David’s frustration is that there is such good treatment out there. Life-saving treatment. Life-prolonging treatment. Life-changing treatment. But without a screening programme we all have to be vigilant. Despite sickle cell being 10 times more common than in the UK the genetic test is too expensive here for a screening program. Staff know too little about sickle cell disease. And vital drugs remain out of reach. Only one hospital in Zambia is able to do the genetic test. A private service. At a cost.
So, for now, we rely on our sickle cell champion. We refer our patients to David. We support him with his project. And we look forward to him qualifying and bringing all his enthusiasm and knowledge back to the Valley. Future generations will benefit from his experience and determination. It takes a champion to support a warrior.

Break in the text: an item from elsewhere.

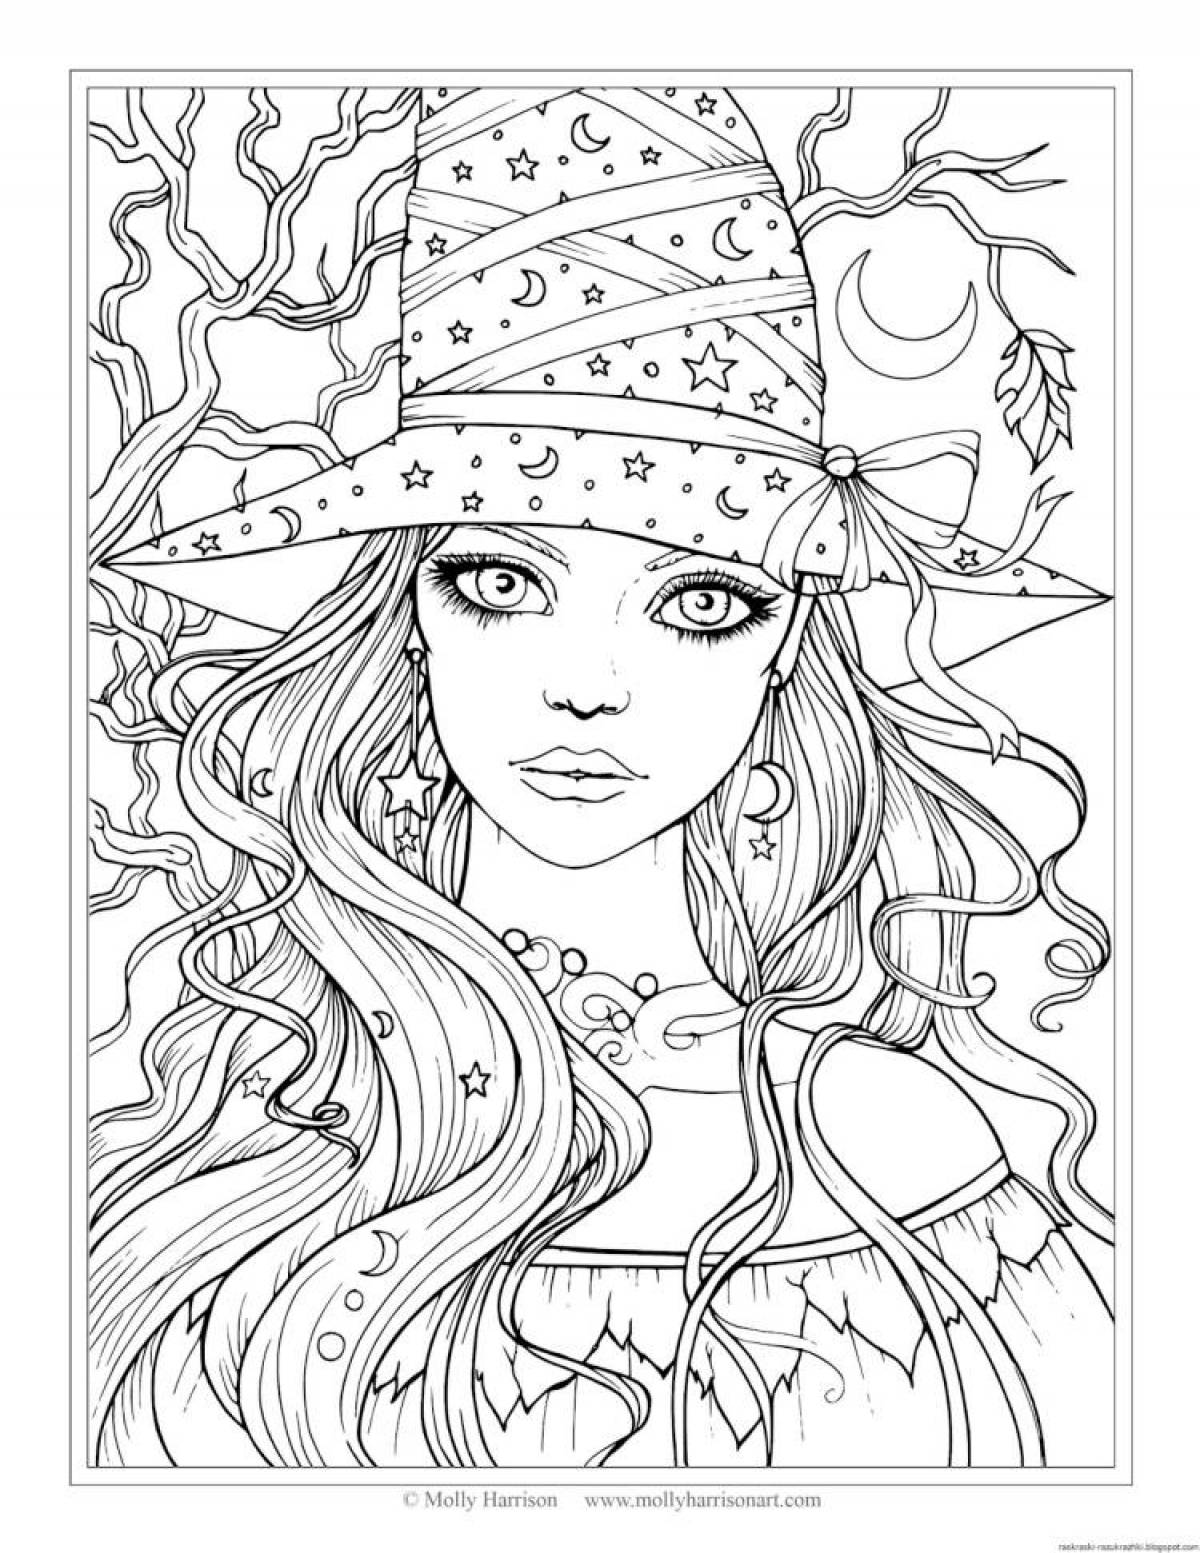 Exquisite coloring book for girls 12 years old

So Sickle cell was in the news here are as the blood service are doing better screening off specific blood subtypes to insure a transfusion is a better match for the patient minimizing potential for reactions, long way off from what your patients will receive, but ultimately hopefully learning our healthcare systems gets transferred.
Fascinating. is it still thought that heterozygosity for sickle is protective against severe malaria? This teaching harks back to med school or early paediatrics so by now may be completely wrong.
How could people support folk like David? Individuals who don’t change the world but make real differences to people in their world?
Great blog as ever… what about “Spotty Mc spot face “ for the leopardess? 😎
Fascinating reading about sickle cell - thankyou. When I was in Gambia I met a mother whose 13 year old son had sickle cell. She had received a donation from another tourist to fund his treatment but she could not afford to send him to school, could I help ? I funded him through school for the next three years - the princely sum of £75 per year, including his uniform and books !
Keep the blogs coming and, oh by the way, I name the leopard 'Thunder Thighs'.
Nature’s roll of the dice is often cruel. I wonder how much Mum’s smoking & bottle feeding further contributed to mine.